There are four public universities in Malawi, namely Mzuzu University, Lilongwe University of Agriculture and Natural Resources, Malawi University of Science and Technology, and the University of Malawi founded in 1964. The University of Malawi has following constituent colleges: Chancellor College, College of Medicine, Kamuzu College of Nursing and The Polytechnic.
The quality of university education is generally good, especially at the College of Medicine and Kamuzu College of Nursing. The Law and Education faculties at Chancellor College are rated highly. The University of Mzuzu, a second state university, opened in late 2000. The Lilongwe University of Agriculture and Natural Resources came after the merging of Bunda College, Natural Resources College, and Mwinba Agriculture Institute in 2010. And the newly built Chinese funded Malawi University of Science and Technology opened in 2014.
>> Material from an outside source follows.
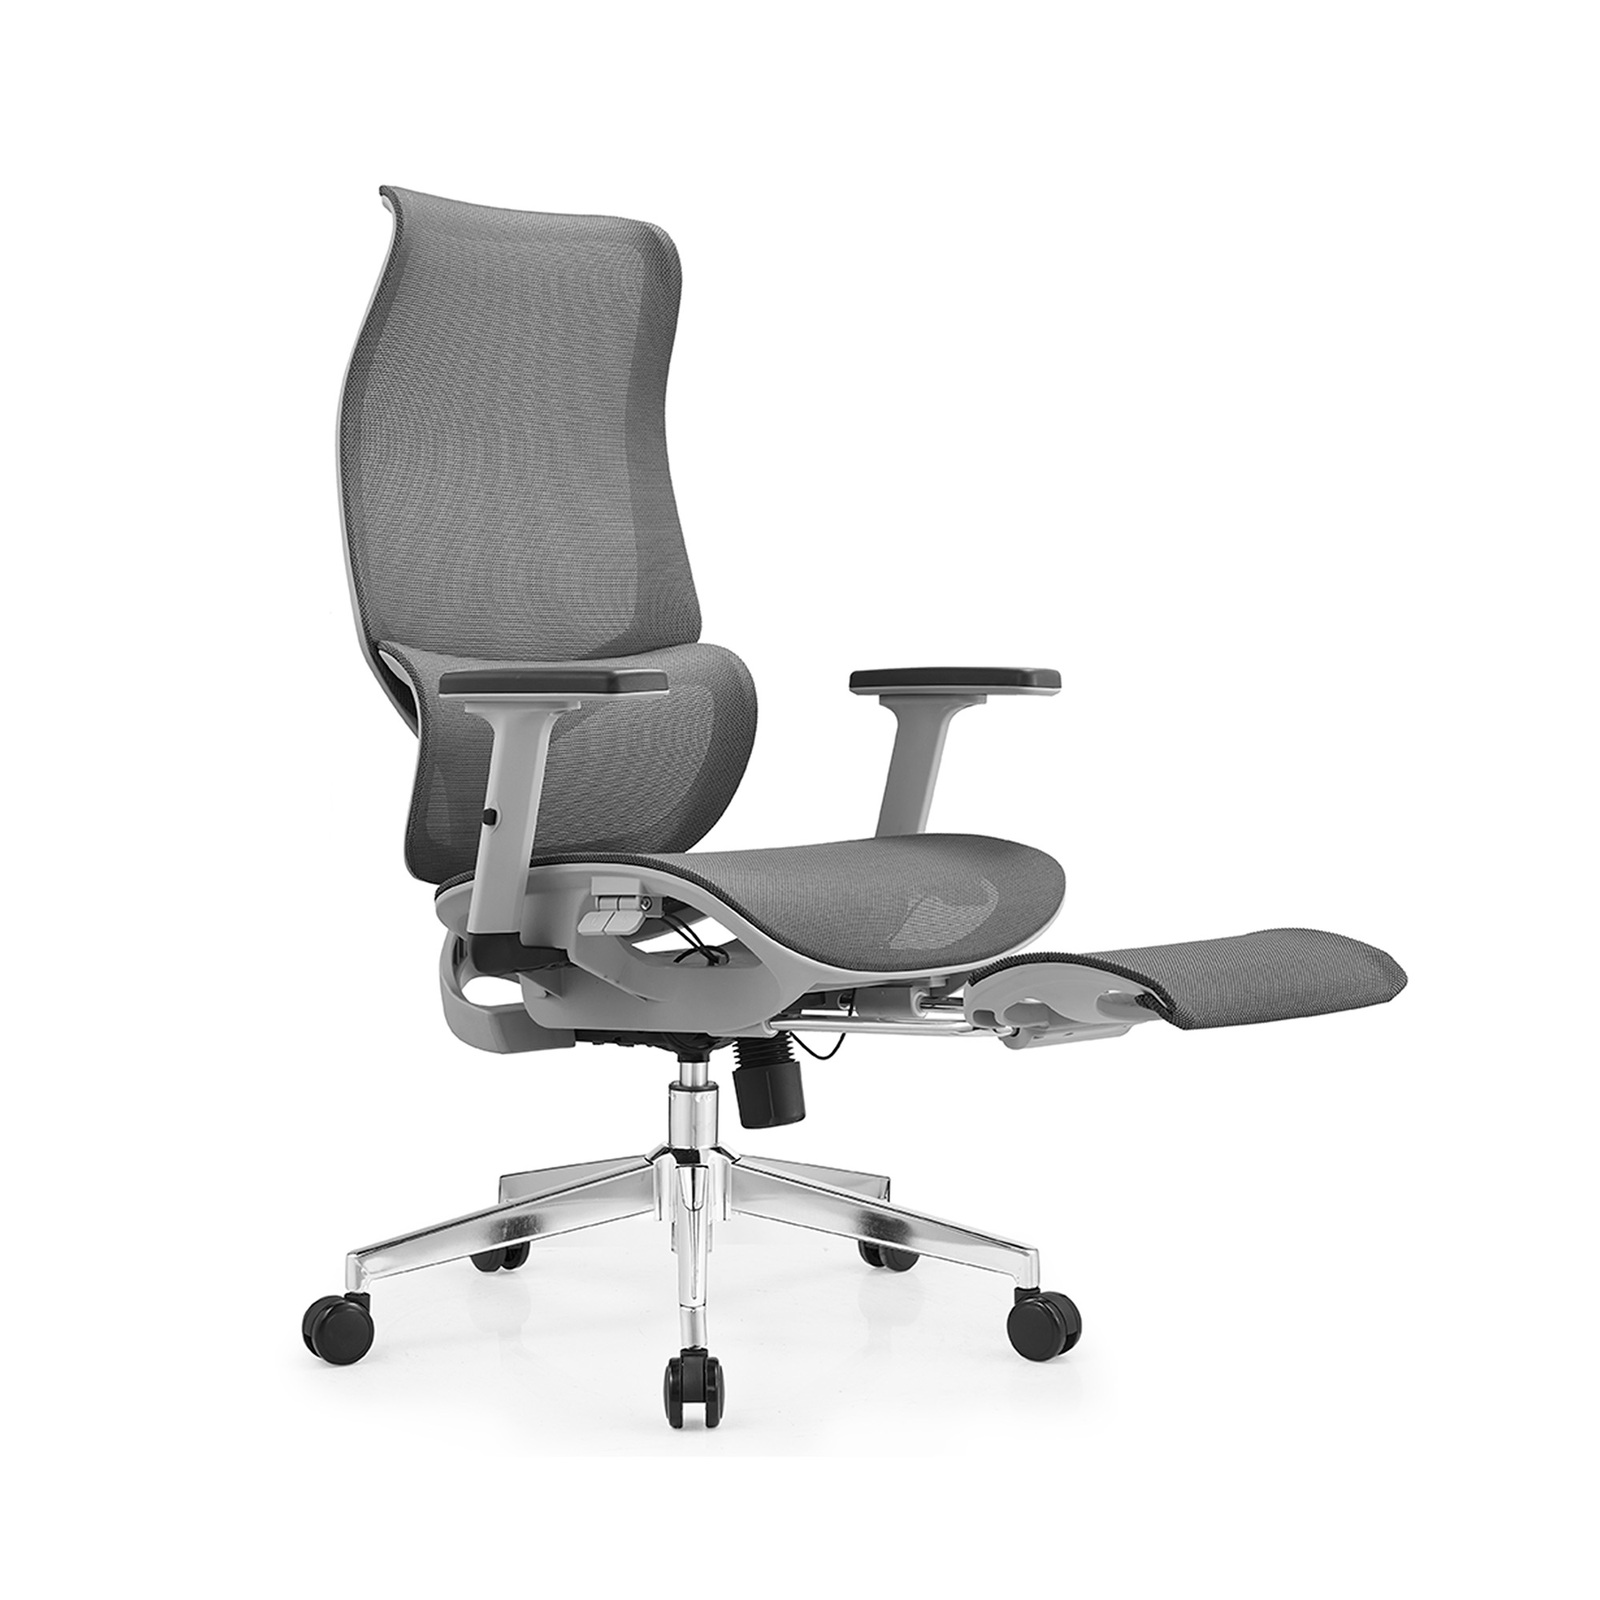 Ergonomic Mesh Gaming Office Chair Office Chairs Executive Footrest Computer Seat - Grey

Kamuzu Academy was built as the personal education project of Kamuzu Banda in Kasungu and is a boarding school for pupils in the 11 to 18 age range. Until his death in 1997, only white people were allowed to teach. The Academy is called the “Eton of Africa”, and follows a strict British curriculum. Two students from each district were offered scholarships, which allowed poor children to gain access to a world-class education. The scholarships were stopped by the Bakili Muluzi administration but later resumed by Bingu wa Mutharika. Many teachers now are black Africans, though a black man or woman has yet to head the exclusive educational institution. Many African presidents used to send their children to the Academy.